◆ What you are asked to do:
The expected output is every record below, transcribed exactly, with the pictures left out.

───

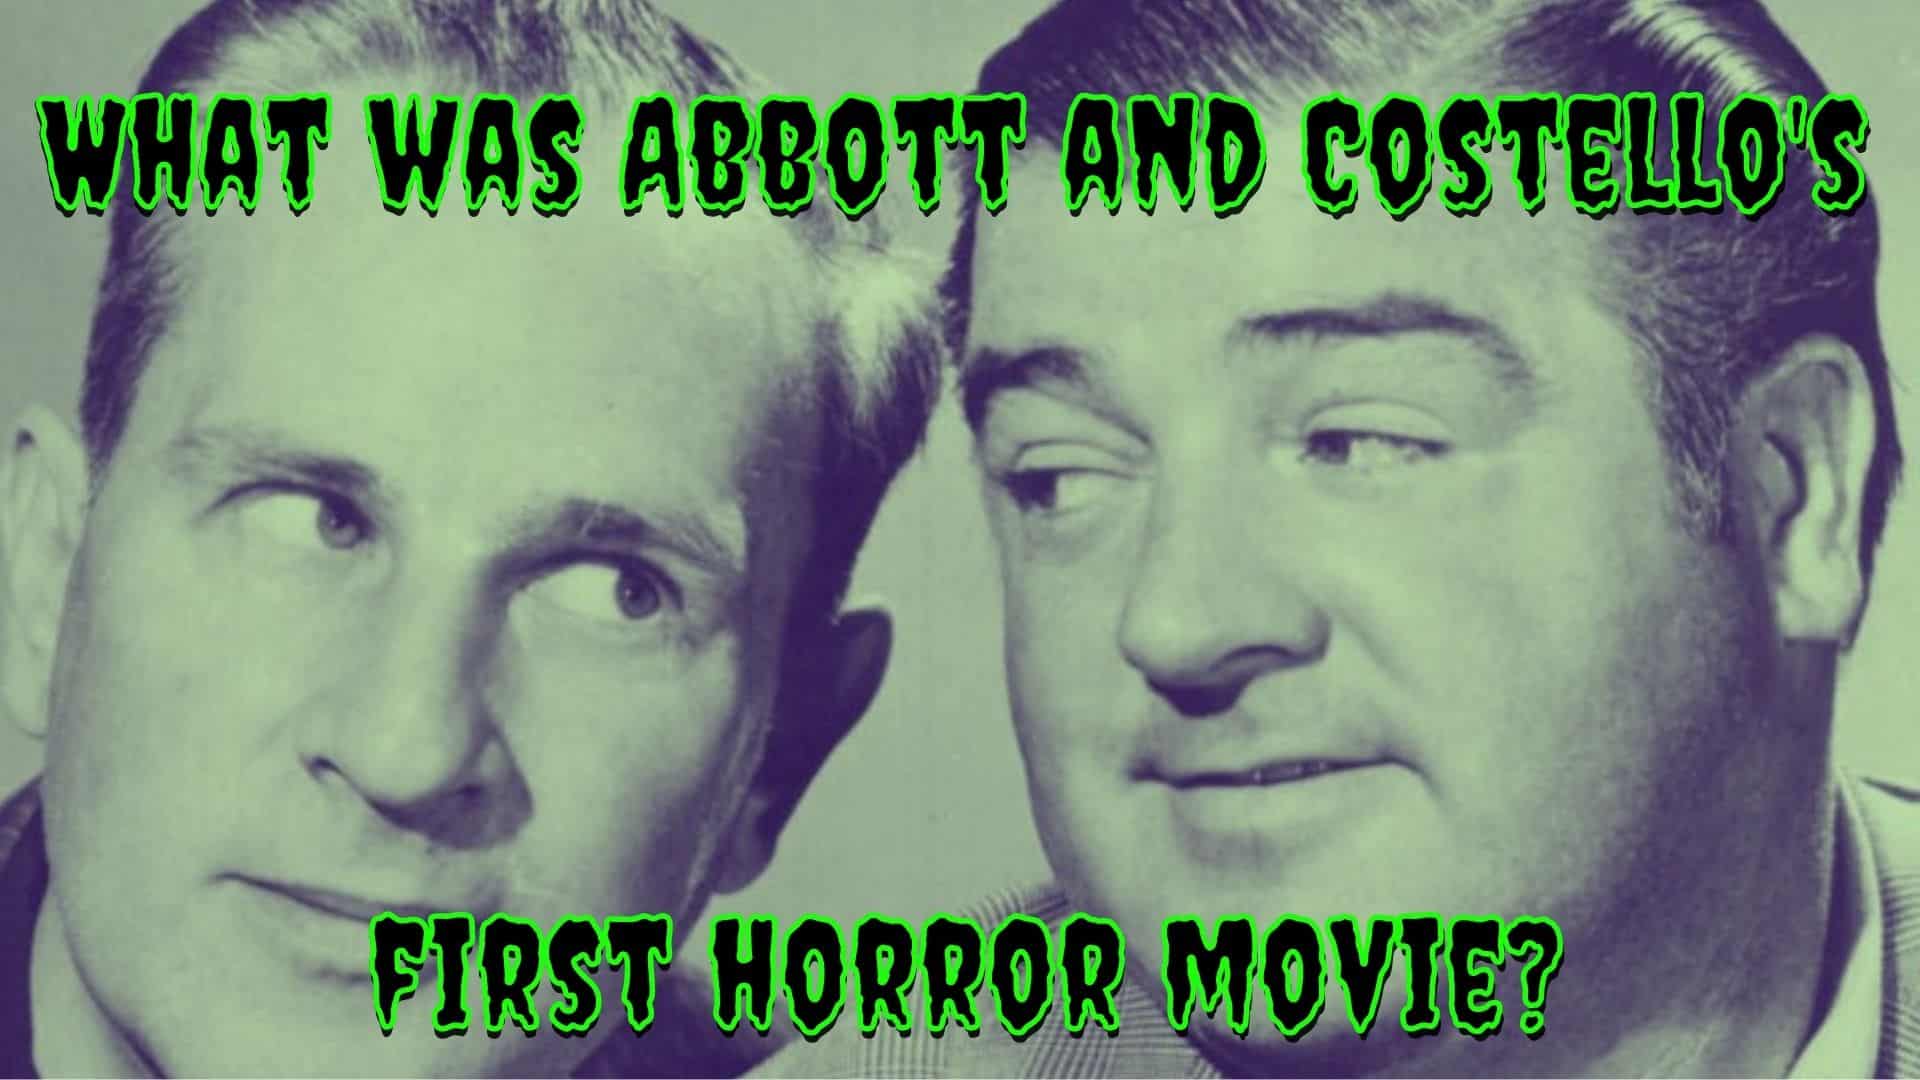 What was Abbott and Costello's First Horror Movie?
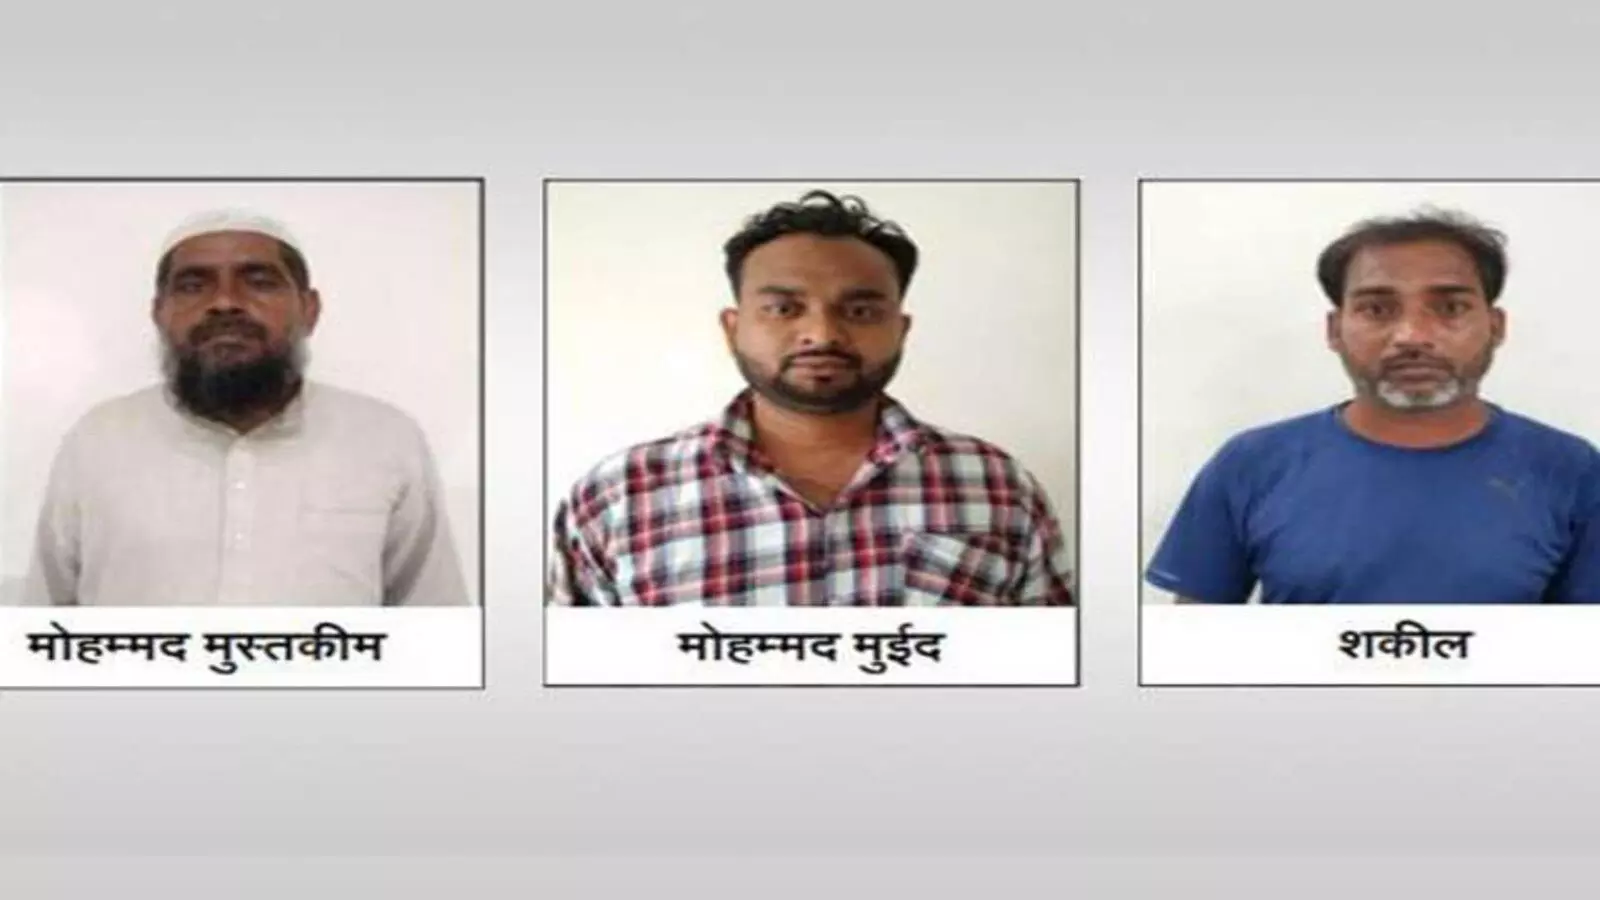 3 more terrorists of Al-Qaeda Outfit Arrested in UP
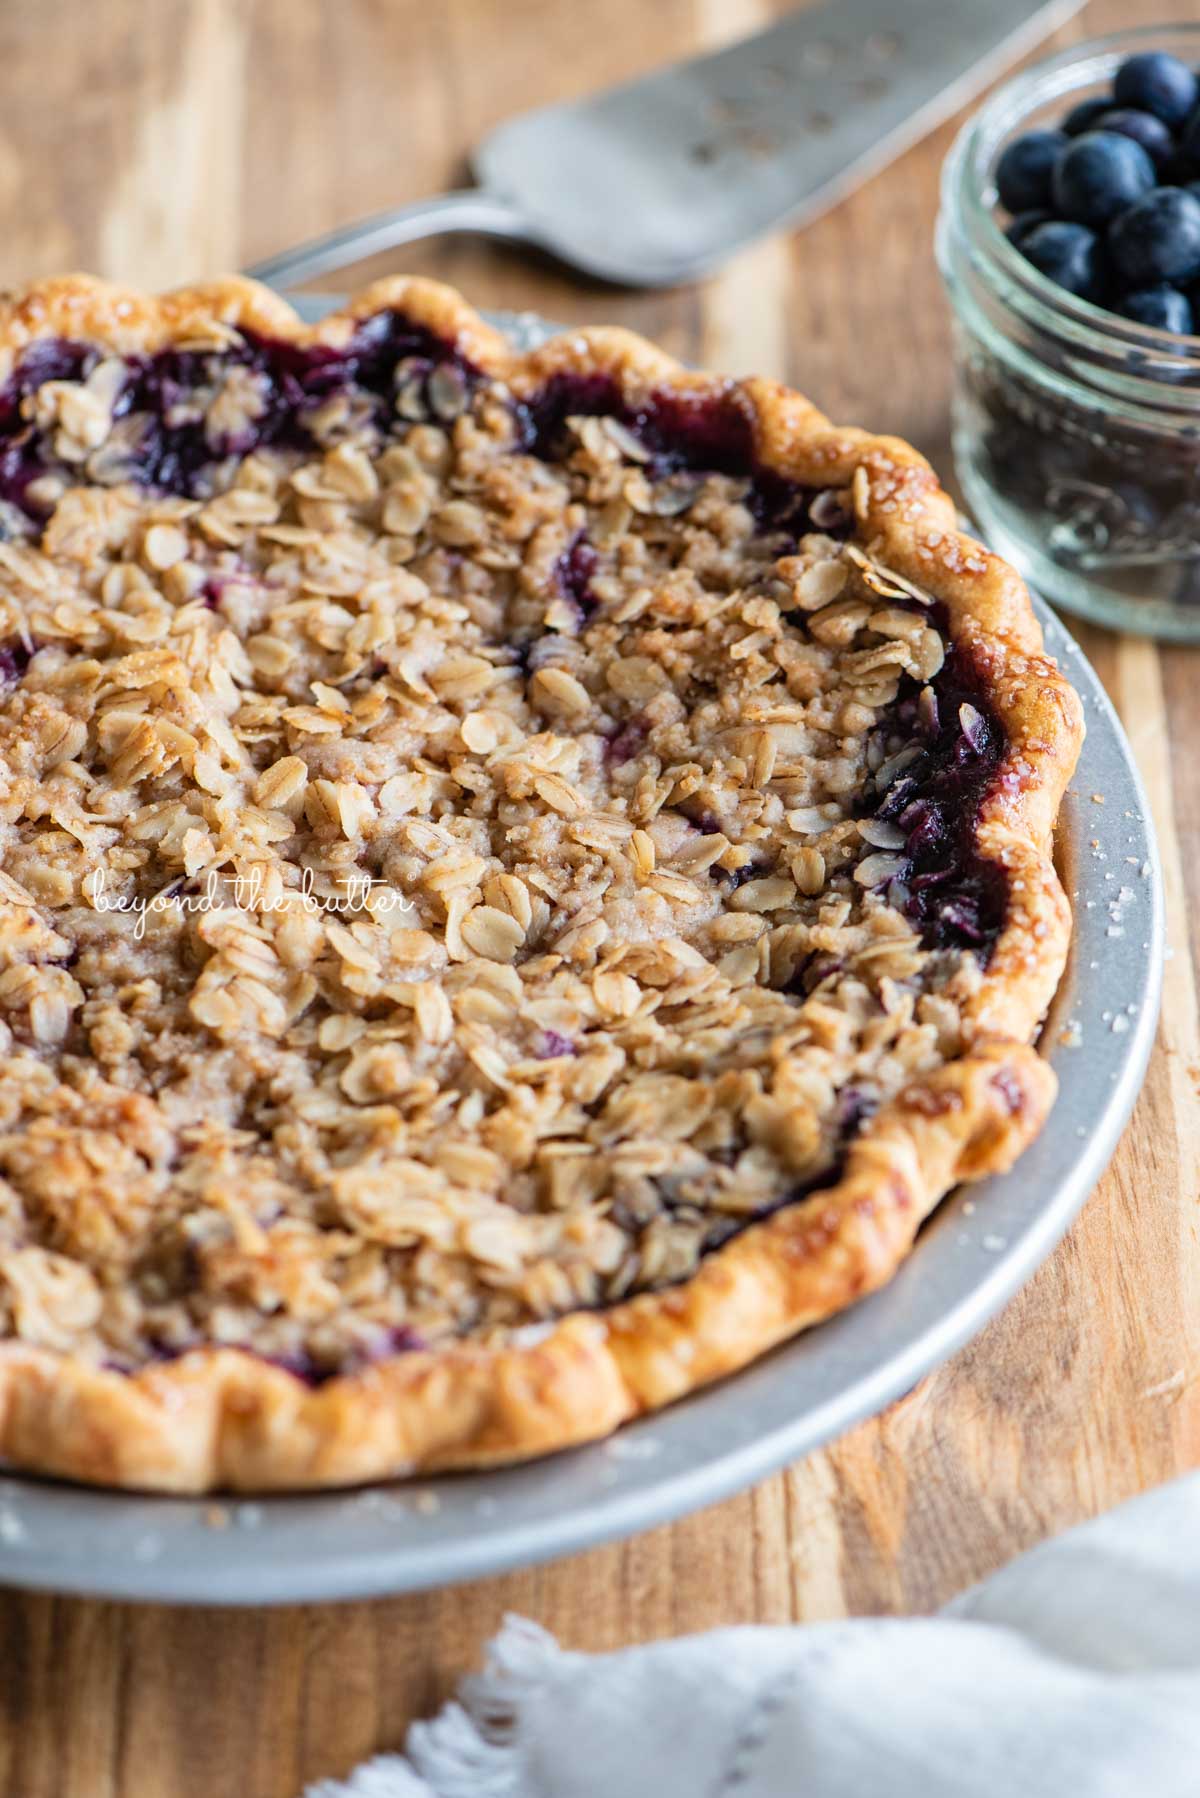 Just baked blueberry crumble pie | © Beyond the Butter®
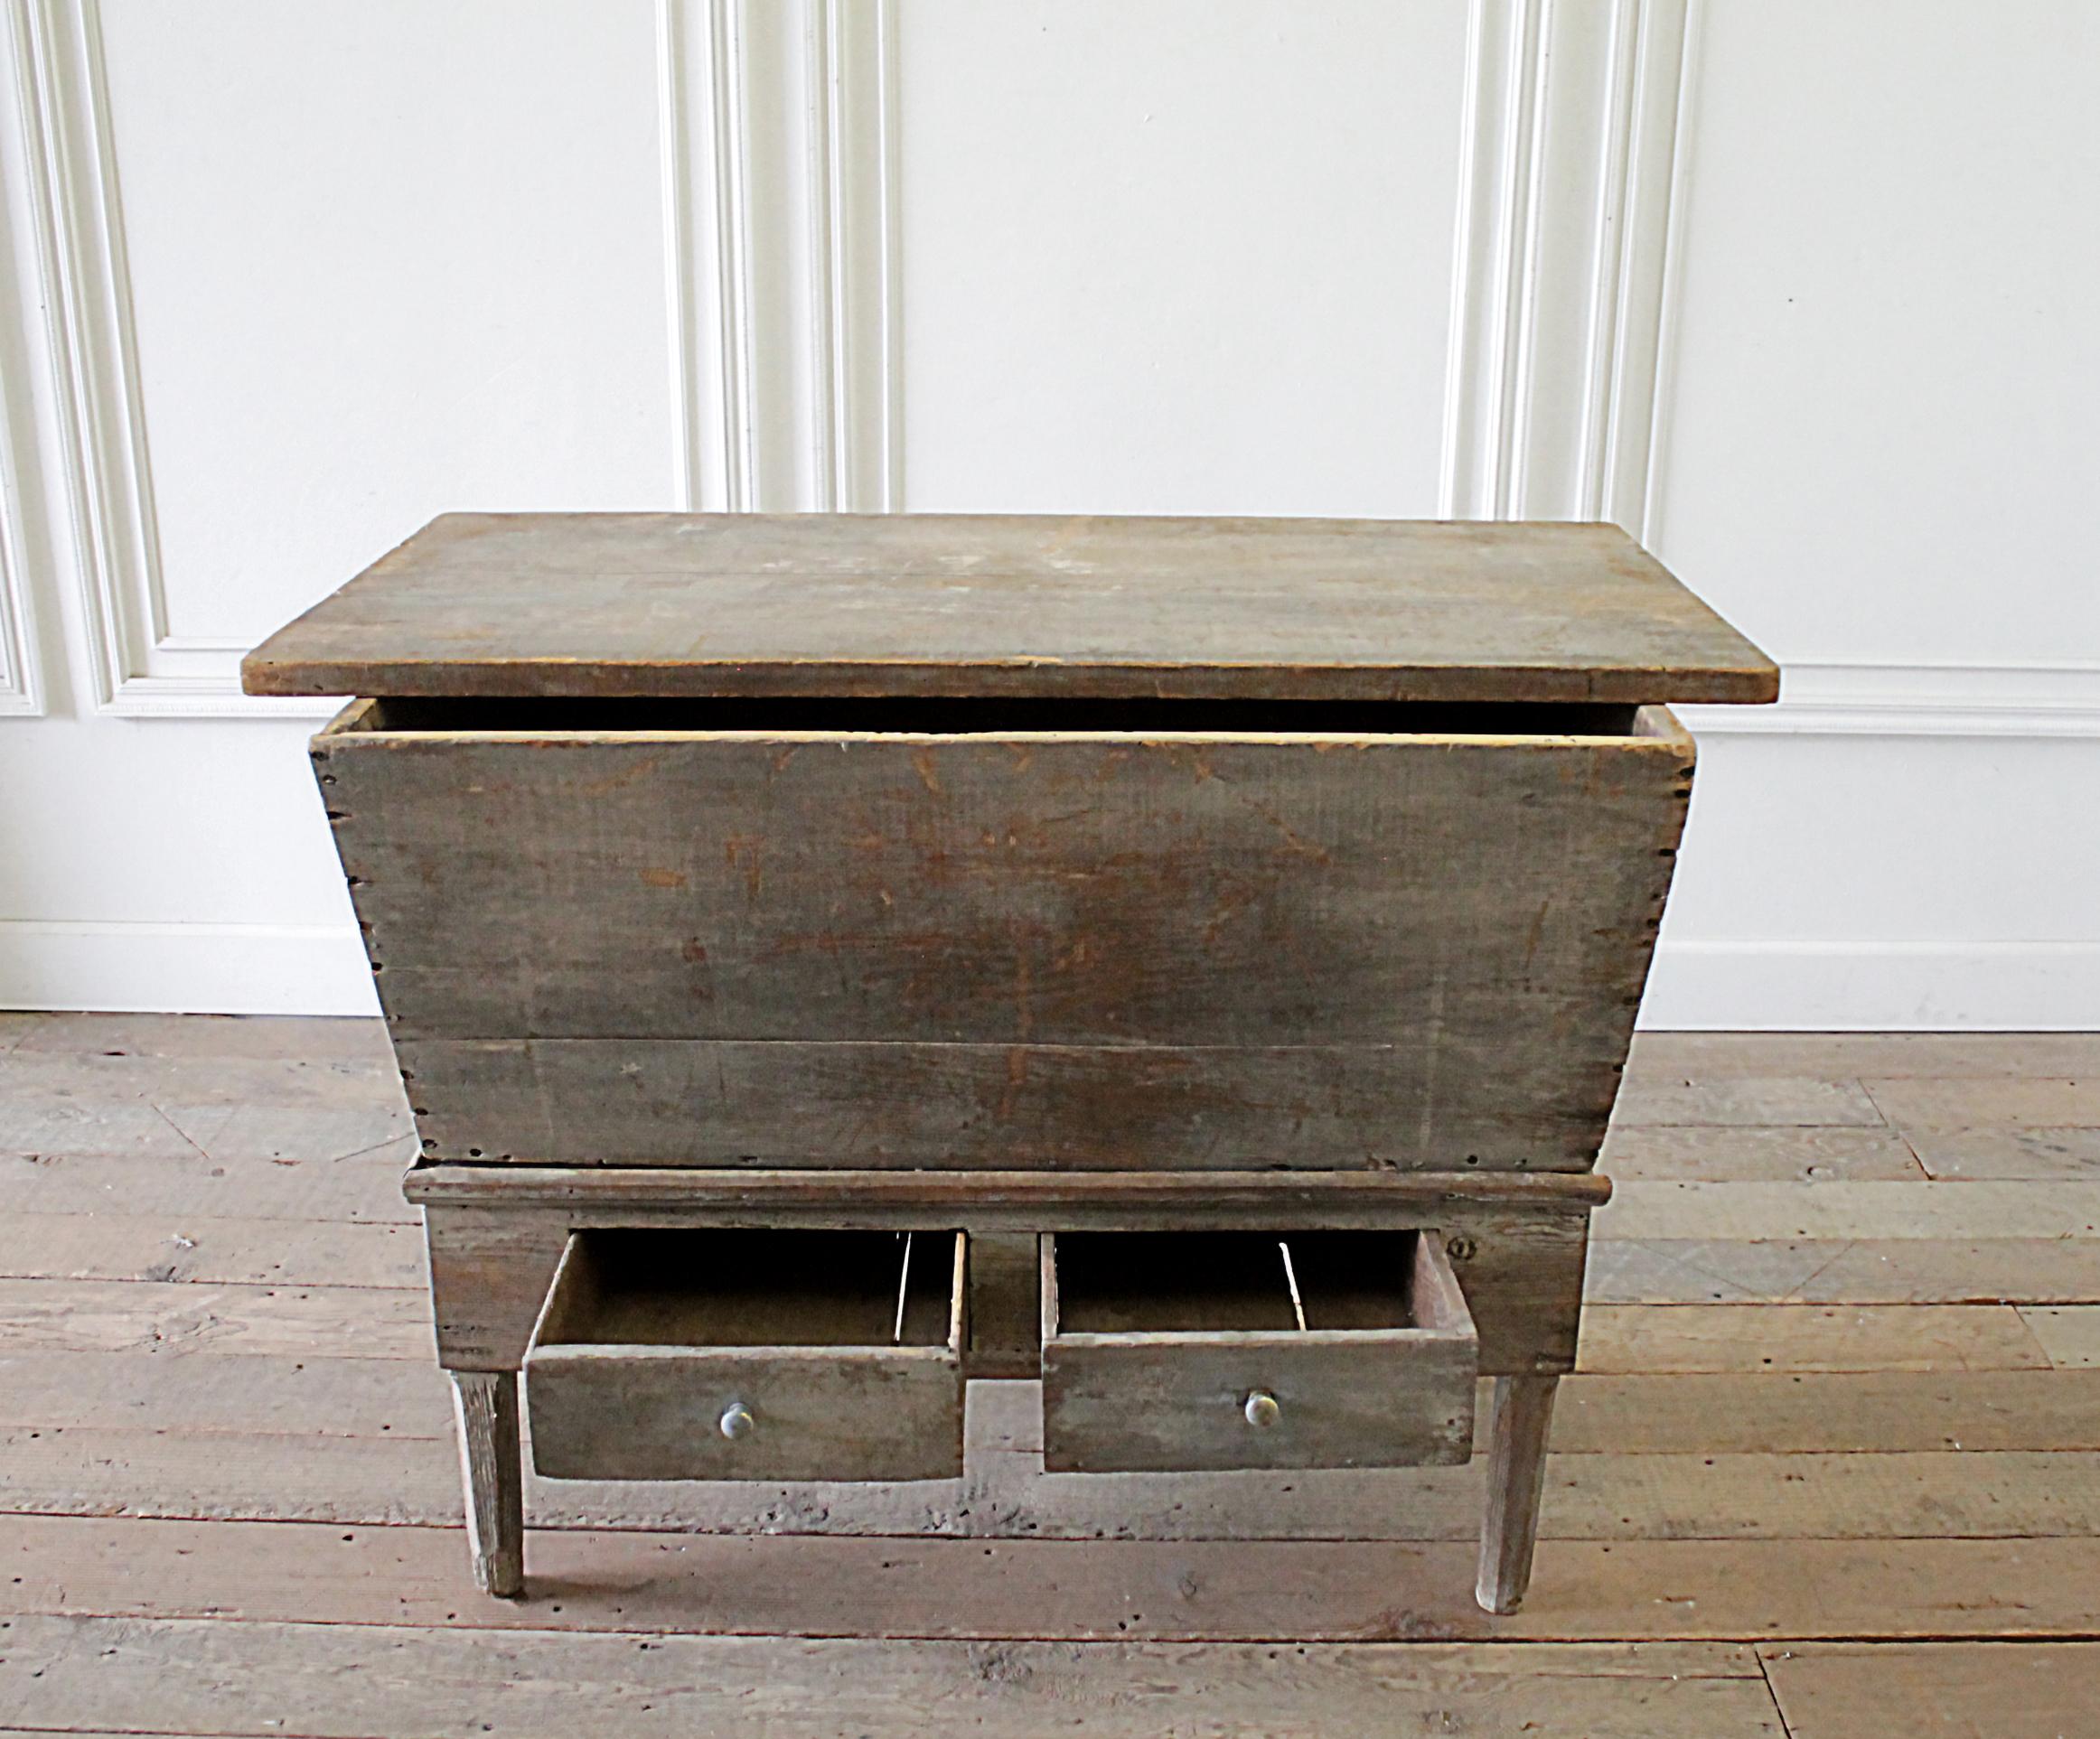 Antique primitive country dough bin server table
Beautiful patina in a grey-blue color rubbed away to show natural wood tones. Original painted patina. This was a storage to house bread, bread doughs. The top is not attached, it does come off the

───

◆ Answer box:
 What was Abbott and Costello's First Horror Movie?
 3 more terrorists of Al-Qaeda Outfit Arrested in UP
 Just baked blueberry crumble pie | © Beyond the Butter®
 Antique primitive country dough bin server table
Beautiful patina in a grey-blue color rubbed away to show natural wood tones. Original painted patina. This was a storage to house bread, bread doughs. The top is not attached, it does come off the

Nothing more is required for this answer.